Baby Suggs looked at him, and then at the woman holding a twitching lead horse to the road.

"She says Wednesday, you hear? Baby? Baby?"

She took the shoes from him—high-topped and muddy—saying, "I beg your pardon. Lord, I beg your

pardon. I sure do."

Out of sight, the cart creaked on down Bluestone Road. Nobody in it spoke. The wagon rock had put

the baby to sleep. The hot sun dried Sethe's dress, stiff, like rigor mortis.

THAT AIN'T her mouth.

Anybody who didn't know her, or maybe somebody who just got a glimpse of her through the

peephole at the restaurant, might think it was hers, but Paul D knew better. Oh well, a little something

around the forehead—a quietness—that kind of reminded you of her. But there was no way you could take

that for her mouth and he said so. Told Stamp Paid, who was watching him carefully.

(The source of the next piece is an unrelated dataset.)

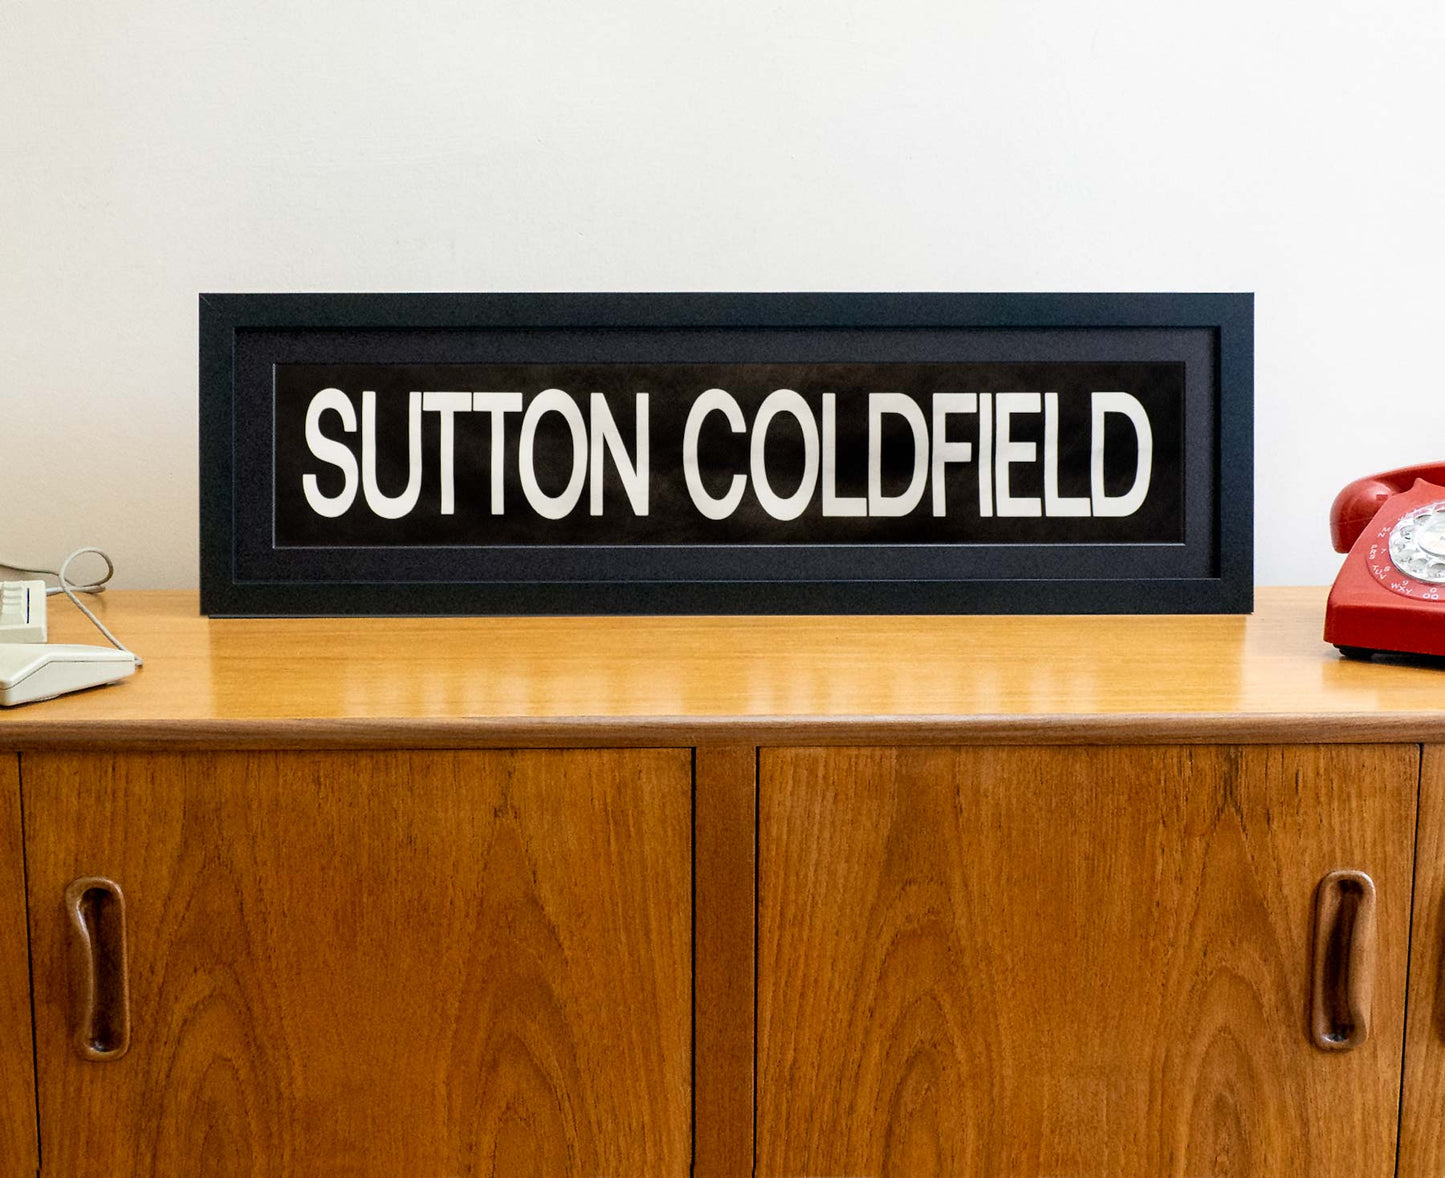 Sutton Coldfield 1990s framed original bus blind

"I don't know, man. Don't look like it to me. I know Sethe's mouth and this ain't it." He smoothed the

clipping with his fingers and peered at it, not at all disturbed. From the solemn air with which Stamp had

unfolded the paper, the tenderness in the old man's fingers as he stroked its creases and flattened it out,

first on his knees, then on the split top of the piling, Paul D knew that it ought to mess him up. That

whatever was written on it should shake him.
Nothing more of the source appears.